The determined value of the property is used to calculate the annual tax collected by the municipality or any other government entity upon the property owner. Ad valorem taxes are based on real property ownership and can therefore be compared with transaction taxes (i.e., sales taxes). Ad valorem tax is determined and collected every year, while a transaction tax is only levied at the time of the transaction.

=== Collection ===
Municipalities usually collect property ad valorem taxes, but they are levied also by government entities; examples are counties, school districts, or special taxation zones, also known as special purpose zones. Many entities can collect ad valorem taxes from the property owners; for example, a city and a county. Ad valorem property taxes are usually the main source of income for state and municipal governments. Municipal property ad valorem taxes are often referred to as "property taxes".

=== Tax value ===
Generally, starting from January 1 of each year, the tax assessment used to determine ad valorem taxes is calculated. Ad valorem tax as a percentage of the value of the assessed property, usually the fair market value of the property. Fair market price refers to the estimated selling price of the property. It is assumed that both willing buyers and sellers have the willingness to trade, and both parties have a reasonable understanding of all relevant facts about the property, and both parties are not obliged to complete the transaction. Fair market value can be seen as just a reasonable price.

== Examples ==
There are different ad valorem taxes and they are based in some cases on the ownership of real assets ( i.e. , property tax), or alternatively they can be "transactional taxes", e.g. sales tax. Property taxes usually are determined and collected with annual incidence, while transactional taxes take place at the time when the transaction occurs.

=== Land value tax ===
With land value taxes (LVT), which are a form of ad valorem tax, just the value of the land itself is taxed. Buildings, personal property and any kind of decoration are ignored by the following tax. LVT is different from other real estate taxes. Practically speaking, every jurisdiction collecting real estate property tax includes a land value tax, since land value has a meaningful impact on the overall property value.

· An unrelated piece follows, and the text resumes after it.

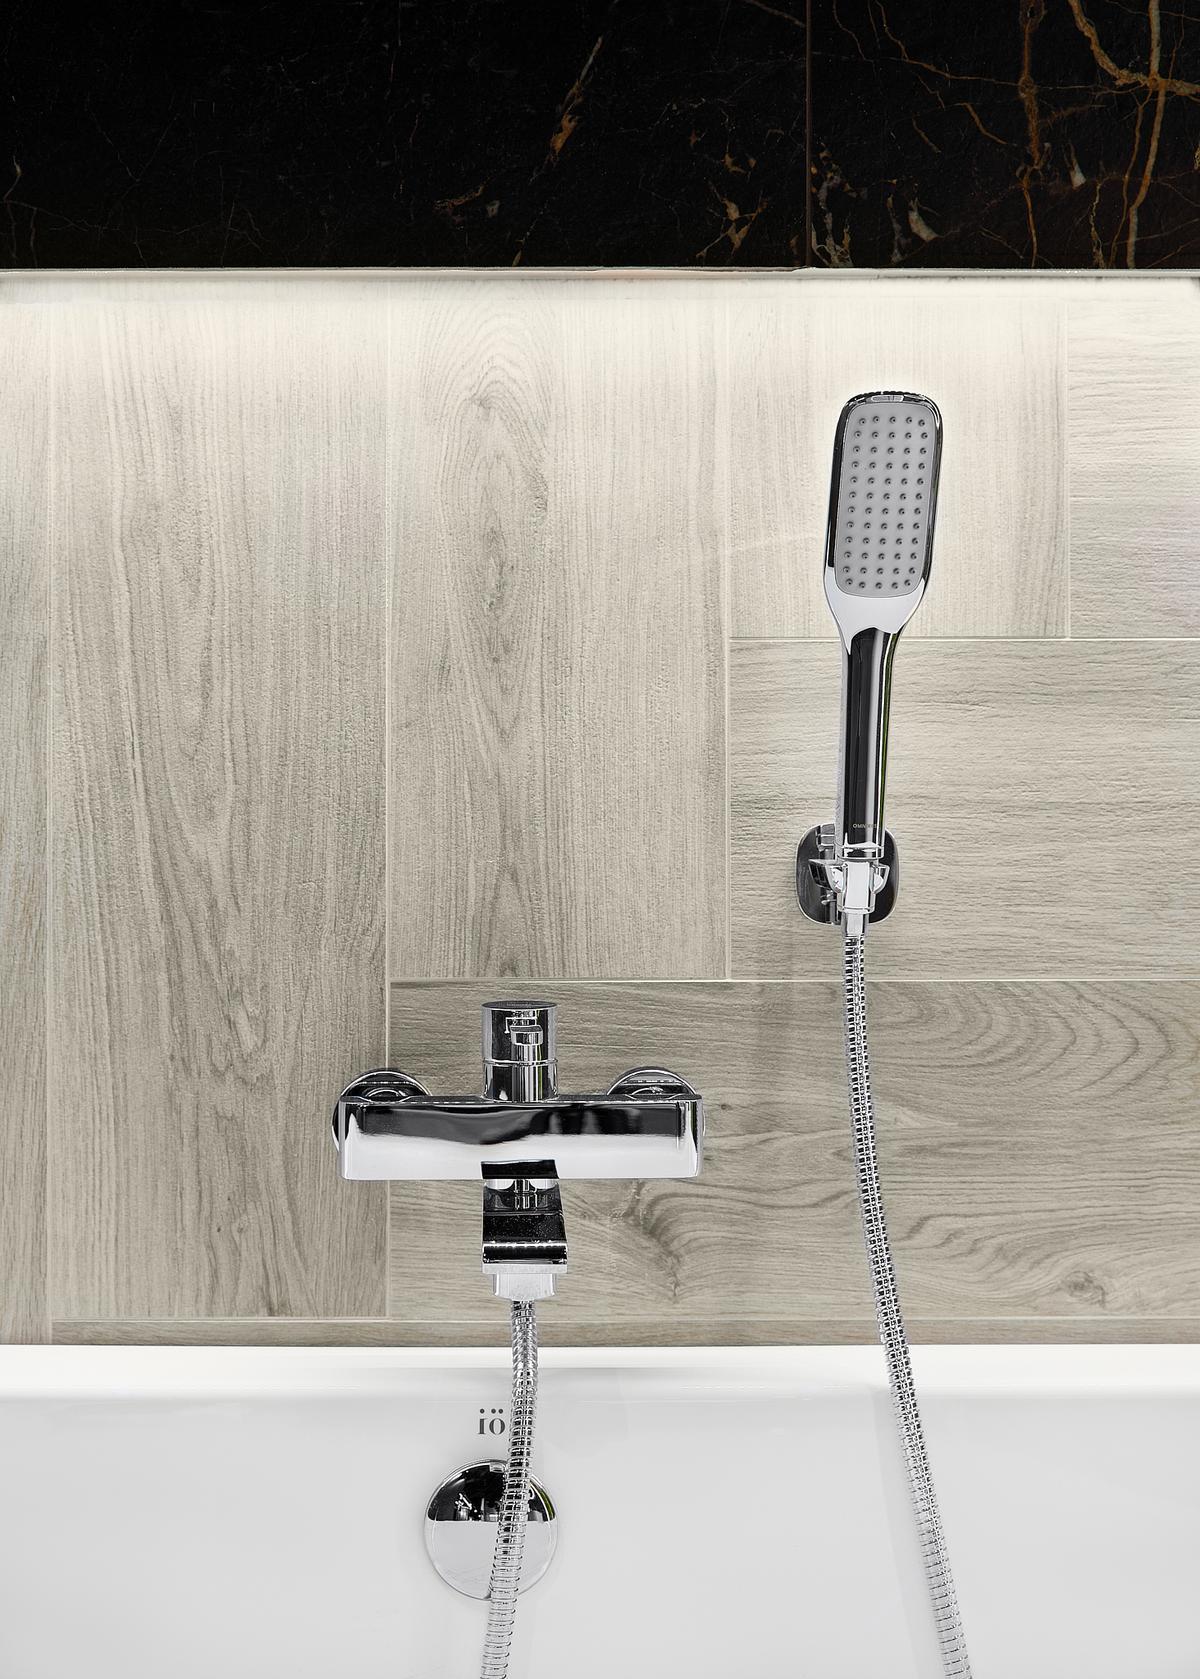 Szlachetne, jasne drewno Cerrad Acero bianco w strefie kąpielowej - zdjęcie od BLU salon łazienek Elbląg
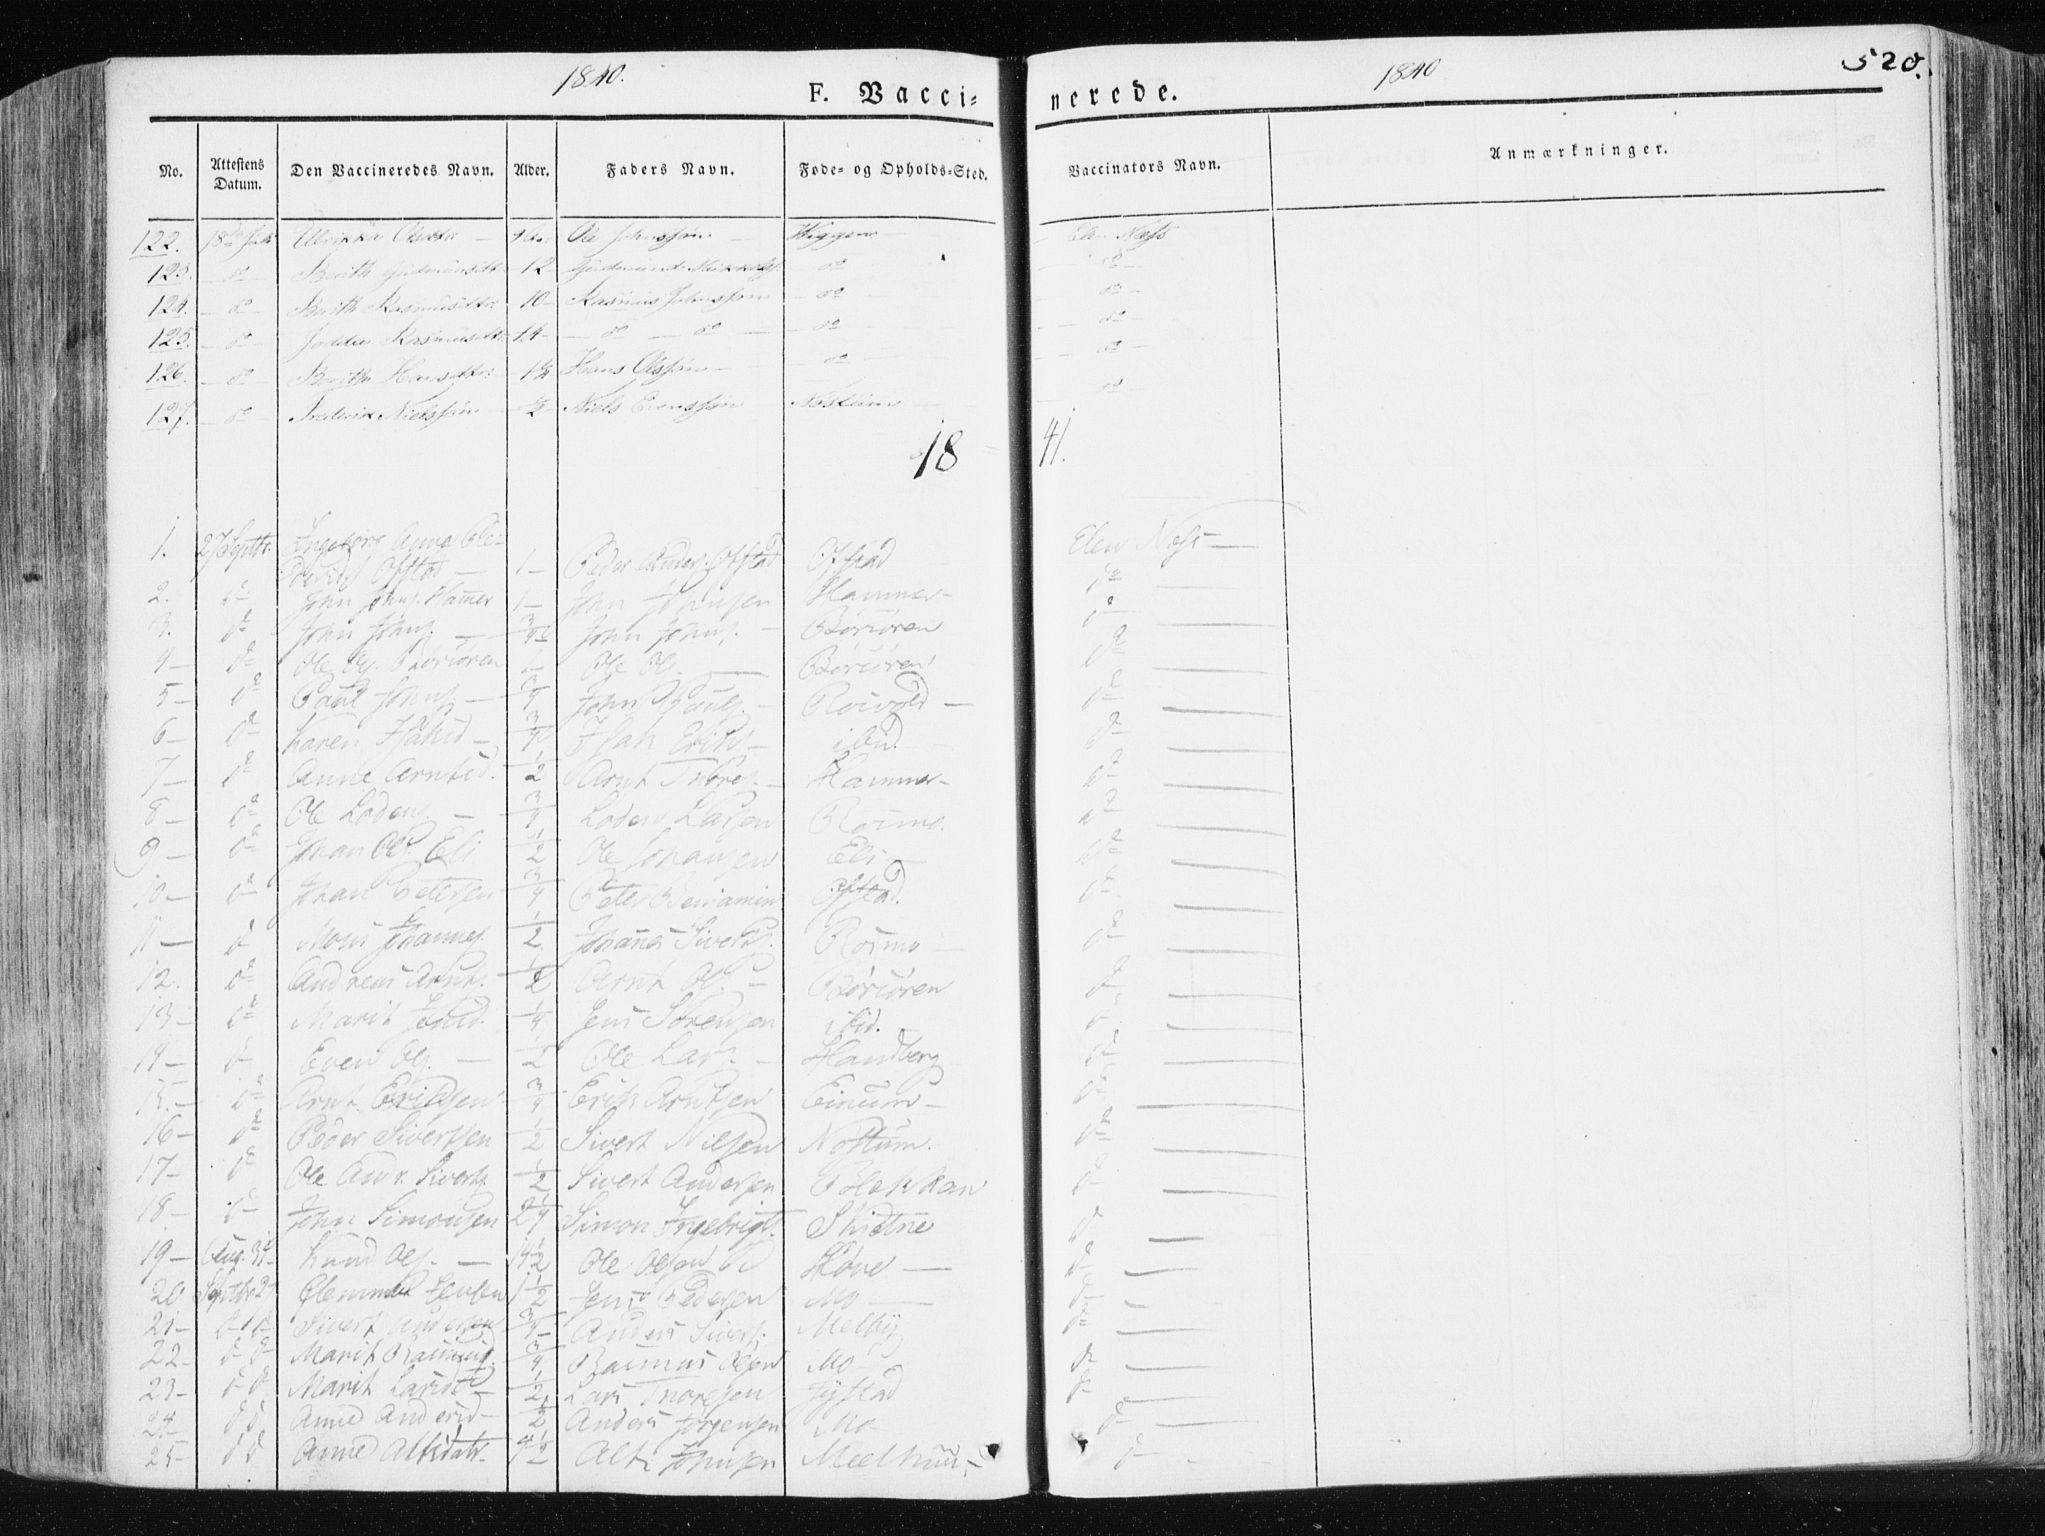 SAT, Ministerialprotokoller, klokkerbøker og fødselsregistre - Sør-Trøndelag, 665/L0771: Ministerialbok nr. 665A06, 1830-1856, s. 520

In 1879, Henry George published Progress and Poverty, by which he advocated a flat tax on lands based on the original unimproved value of the latters in their natural state, the "land value tax". George believed this tax was sufficient to support all government programs, being substantially a "single tax".

The idea was, instead of taxing labor and capital, to tax the rent of land and natural opportunities, in order to regain the rent for public use. He pointed out that, in general, taxation will stifle production behavior: he thought that incomes taxation reduces people's motivation to earn an income, taxation of wheat reduces wheat production, and so on. However, taxing the value of unimproved land has different effects: it's possible to distinguish two different sources of value for a land, the natural value of the land and the value created by improving it (for example, by building value on the land). Since the value of unacquired land is not earned, neither land value nor land value tax will affect production behavior (Hooper 2008).

===Sales tax===

A sales tax is a consumption tax charged at the point of purchase for certain goods and services. The tax is usually set as a percentage by the government charging the tax. There is usually a list of exemptions. The tax can be included in the price (tax-inclusive) or added at the point of sale (tax-exclusive).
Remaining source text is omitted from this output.